I saved him in my fone as special pumba. he was just pumba but then he found me drugs
if that dog is afraid of alcohol then he's no dog of mine
To say he's a good fuck is like saying the beatles had a bit of success. My vag is still mourning the fact he moved.
open bar reception. dayglow. pray for me
Restaurants Roasting People Who Gave Them Negative Yelp Reviews (25 Pics)
please come over and have sex with me so we can talk about prom and kill 2 birds with one condom
He ripped off his shirt and tried to give me CPR. That damn bong.
when im done with her im going to need you to carry me on your shoulders as i poses victoriously for all those who were within earshot
We were talking about threesomes when she went to say who she would have as her third. She did not get to finish her sentence because her bf already said my name.My sheer presence destroys relationships.
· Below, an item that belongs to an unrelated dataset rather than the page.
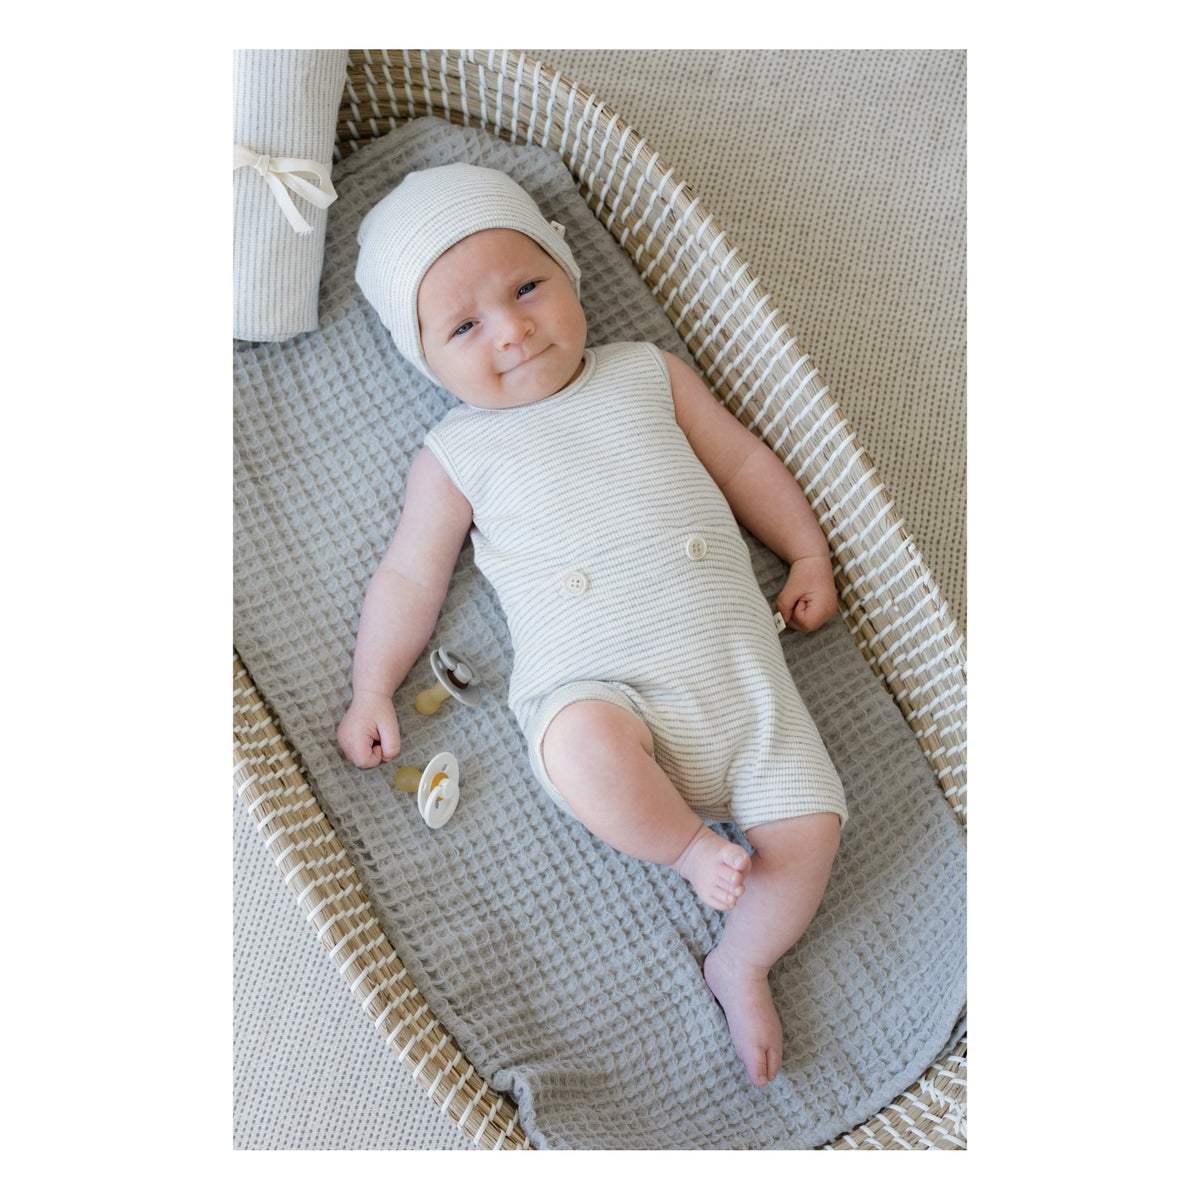 Baby lying down with white and grey beanie on

Something about getting whistled at in my work clothes while crossing the street with three Nuvarings in my back pocket feels wrong.
They want yo temporarily sterile ass.
Woman Posts Harassing DMs From Creep Online, Now He’s Upset Because People Told His Mom
WHAT GOOD IS APPRECIATING IF NOBODY'S NAKED
I managed to get through my meeting without throwing up in someone else's office, so there's that for an accomplishment today.
jesus, I think that canada gold metal game has completely changed all rules of acceptable drinking habits, I was fucked untill noon and I just got invited to go party when I get off work...at 600am...and NO ONE understood why i was hesitant
No, the high point was when you stood on a chair and shouted you were the god of tits and wine.
I'm gonna watch porn and nap. I think I really have this Valentine's Day thing down
He got up after sex and said "is it wrong if I say happy Mother's Day?"